En las redes sociales la gente se vive quejando del lunes, como si un día cualquiera del calendario gregoriano que una manada de católicos hambrientos de poder decidieron poner de primero después del día que decidieron poner de descanso, fuera determinante en nuestro sentido del humor, en nuestro animo.
Por eso hoy no me quejaré del lunes, sino de la mala suerte que tenemos algunos en ciertos días, que bien pueden ser lunes o el resto de la semana. Pero es que este lunes se supone que es el último lunes de este año (que para bien o para mal me ha dado tanto alegrías como tristezas) que pasaré en Cali.

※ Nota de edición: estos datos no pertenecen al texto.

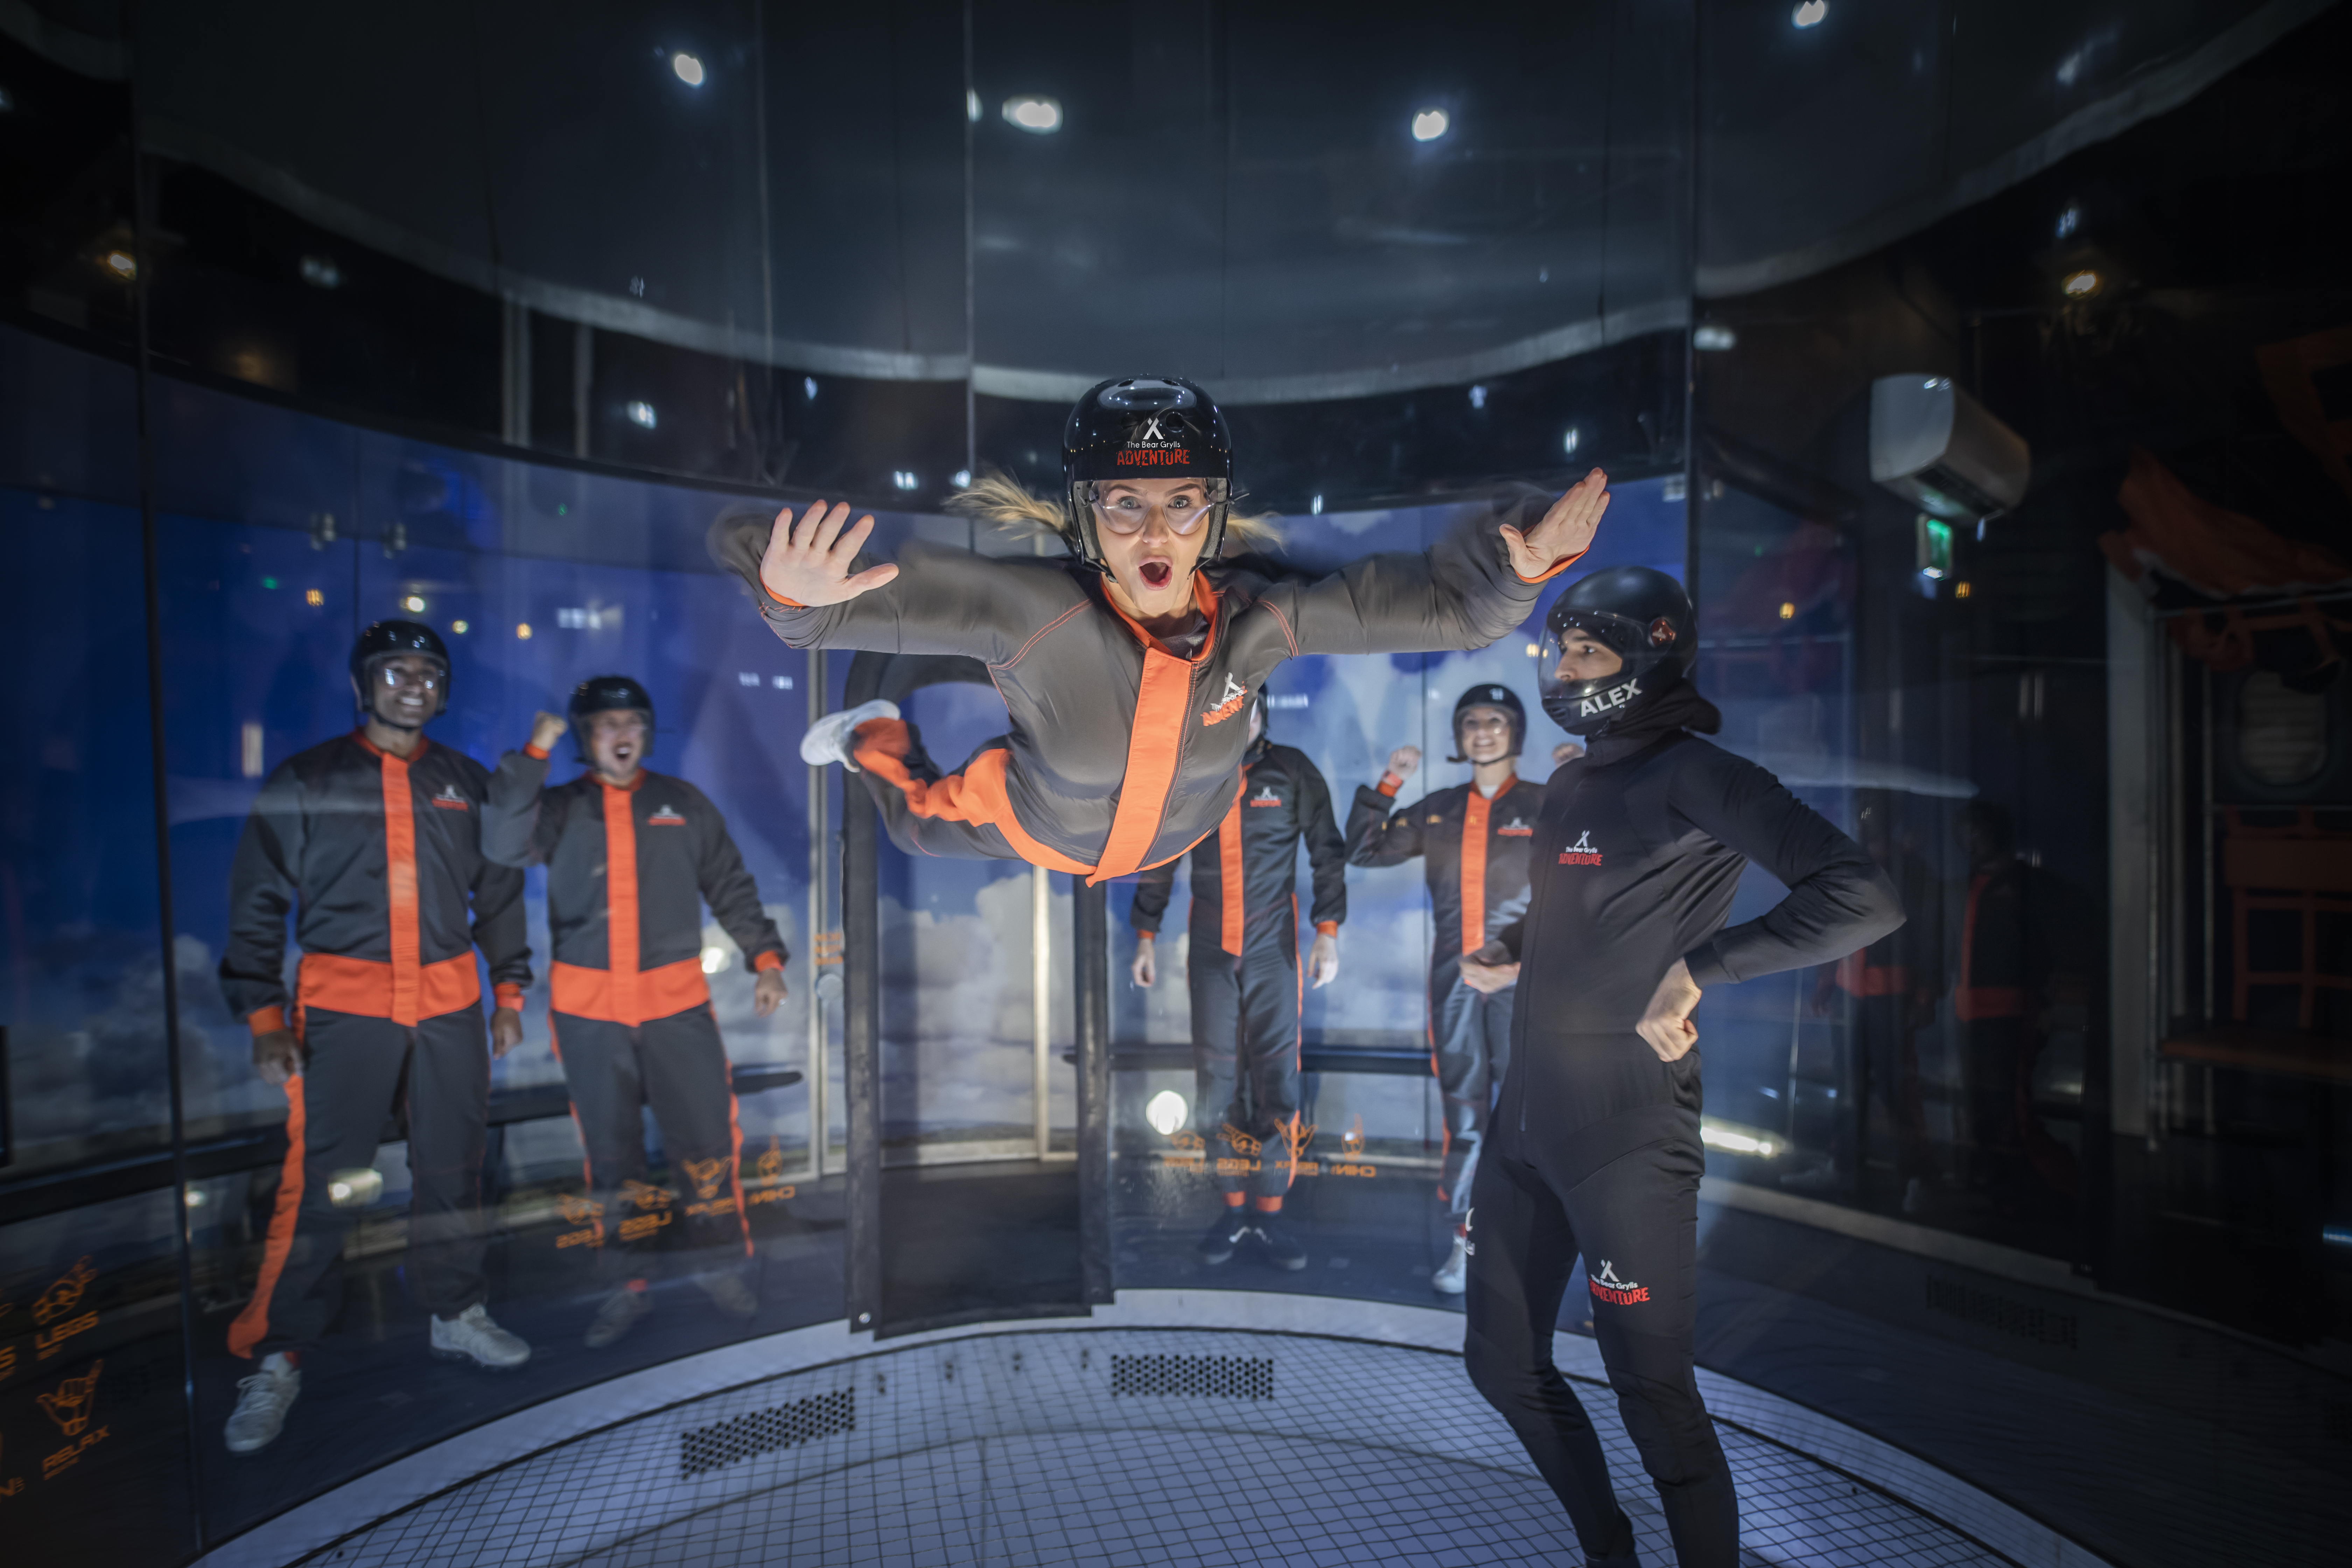 Woman flies in iFLY indoor skydiving tunnel at The Bear Grylls Adventure Birmingham
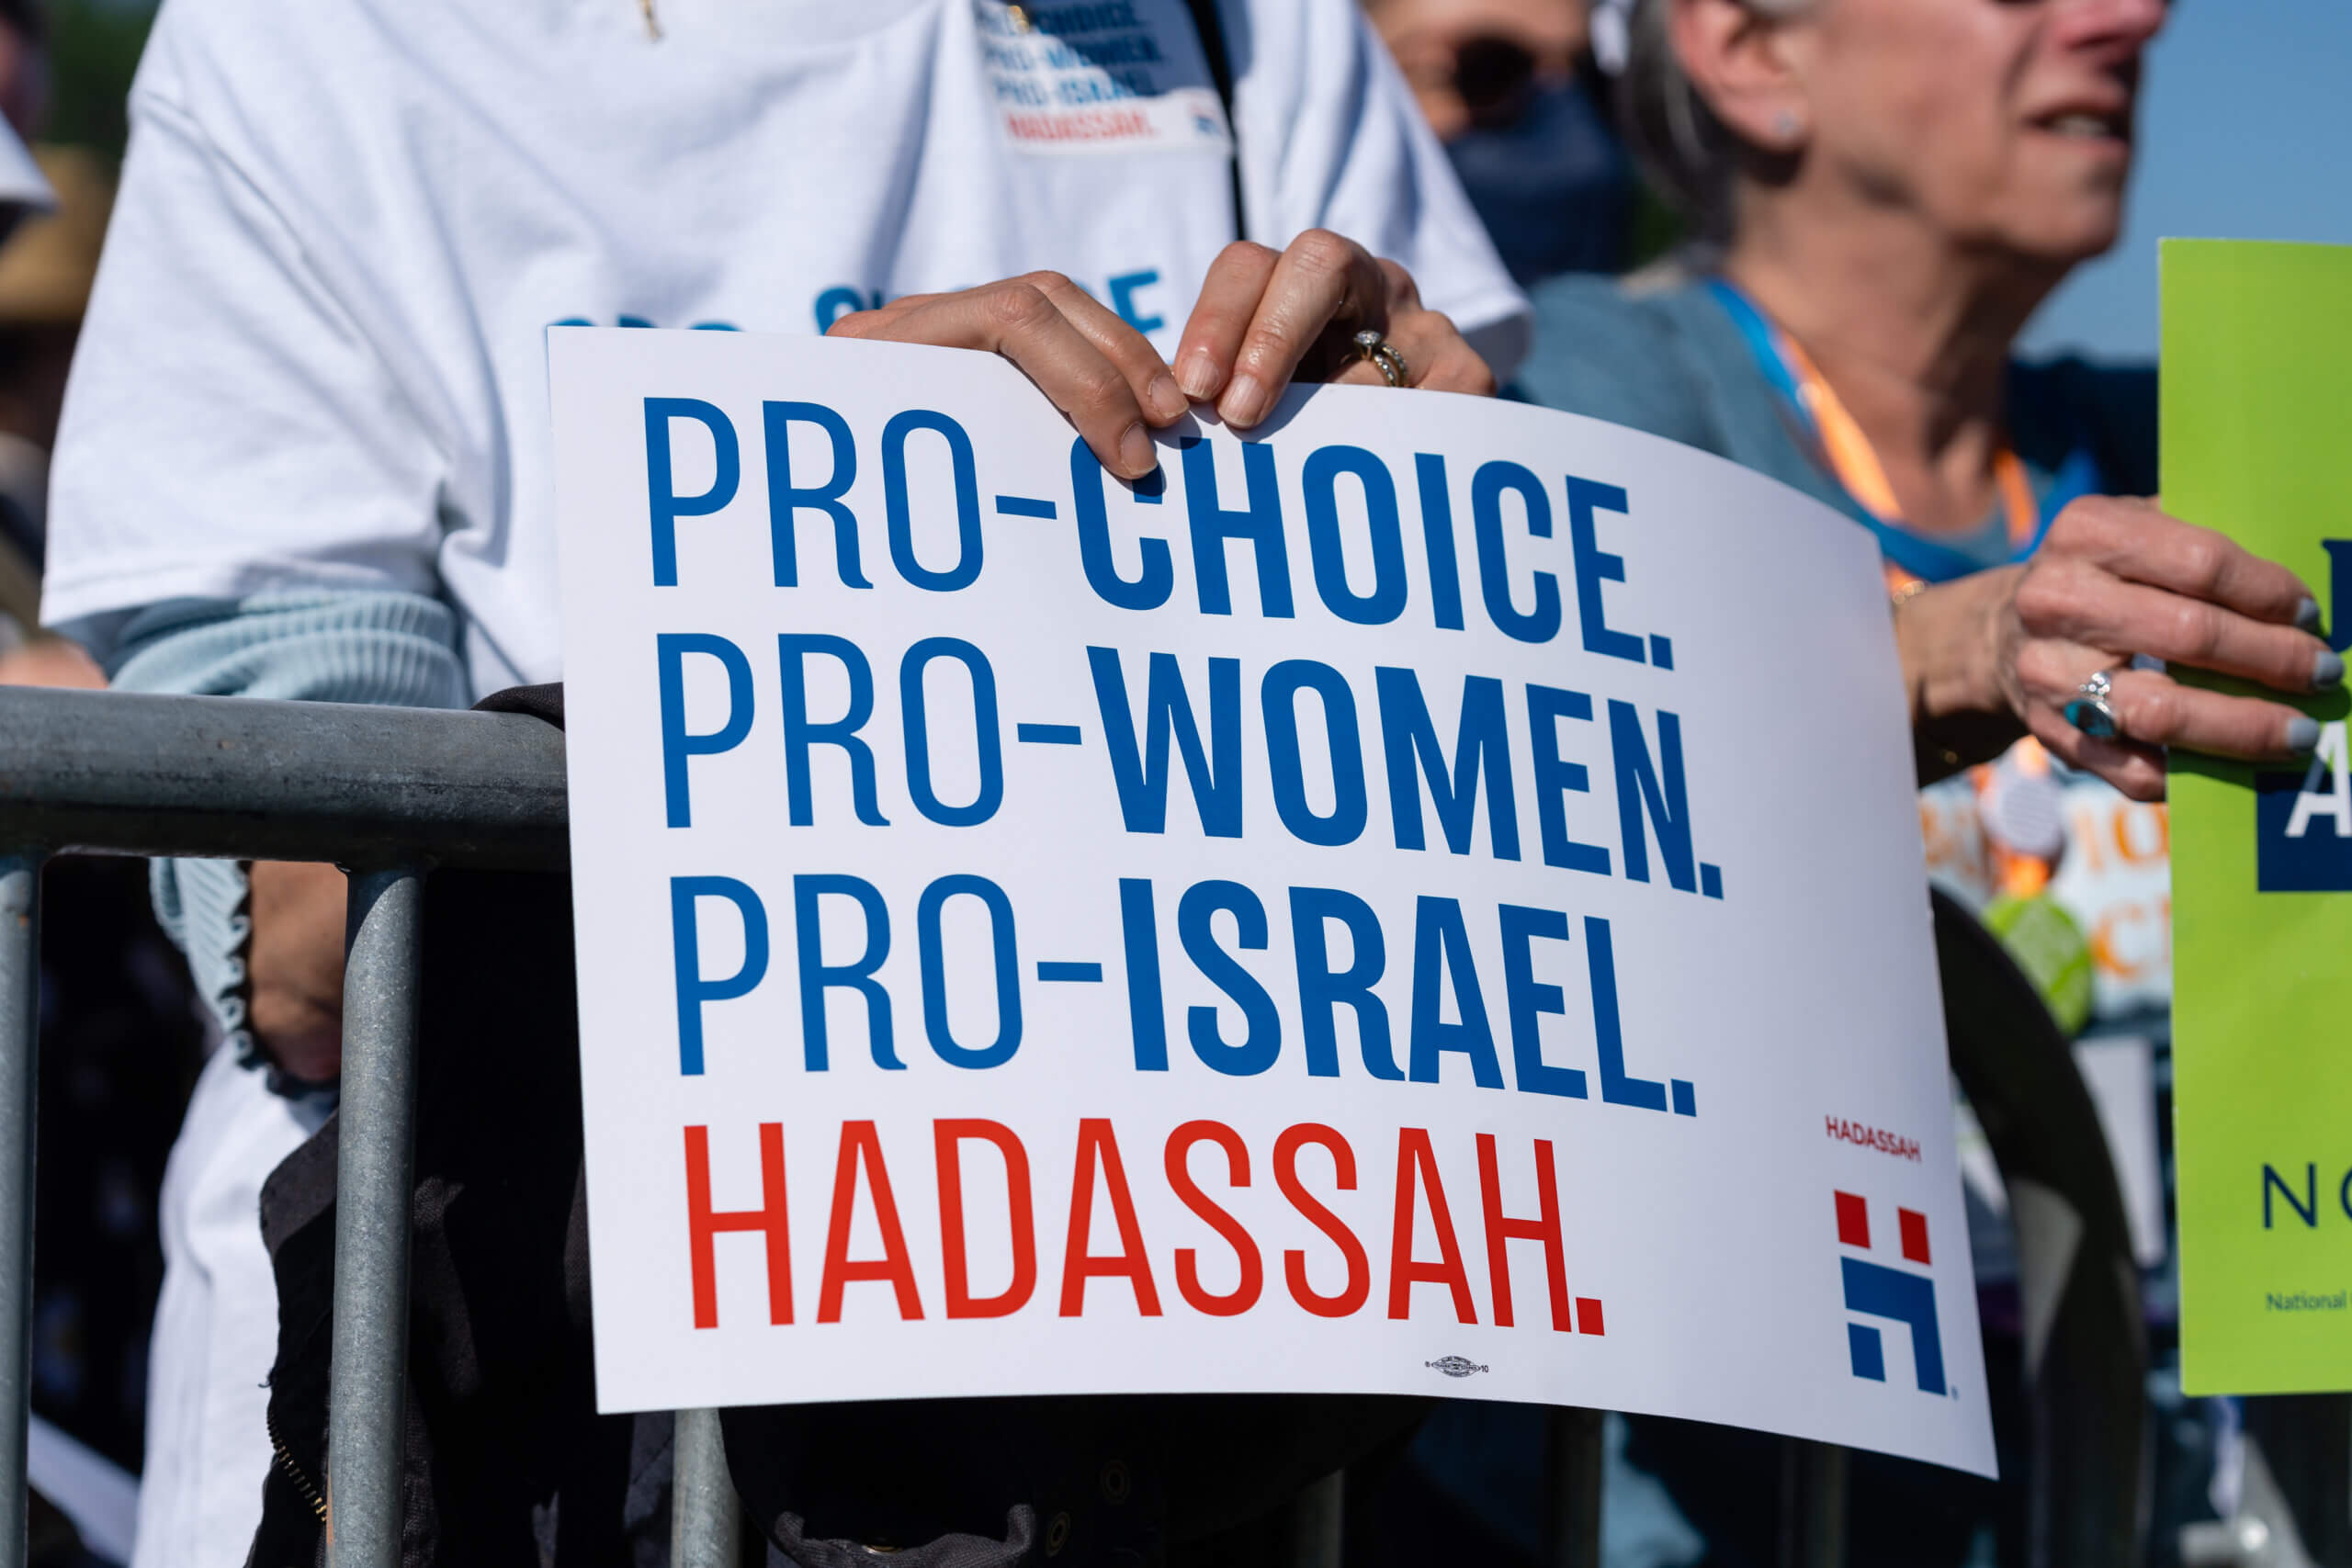 A sign reads "Pro-Choice, Pro-Women, Pro-Israel."

Primero no he podido hacer mis obligaciones las cuales intento hacer contra reloj, las instituciones caleñas van de mal en peor y ya nadie trabaja por estas fechas. Segundo he perdido mi vida en esperas; esperar el bus que me lleve más rápido aunque se demore más que el bus que me lleva más lento, esperar que el chico de la fotocopiadora me pueda pasar los libros que serán mi material para resistir la soledad de una capital fría sin ella, esperar que ella me lea, esperar que alguien me llame para invitarme a almorzar, esperar el almuerzo con alguien que ya ha almorzado, esperar que el cigarrillo se acabe, que la abaje no caiga sobre el vaso de café, que de alguna forma pueda saber que ella está bien, esperar un café, un amigo, la lluvia... sobre todo esperar a la lluvia.
Ahora me encuentro un poco mejor que cuando empecé a escribir, pude recibir mis libros, almorcé algo que creo que sabía rico, me dieron mi primer regalo de navidad y ahora estoy aquí, esperando que la lluvia en algún momento caiga sobre mi calva cabeza.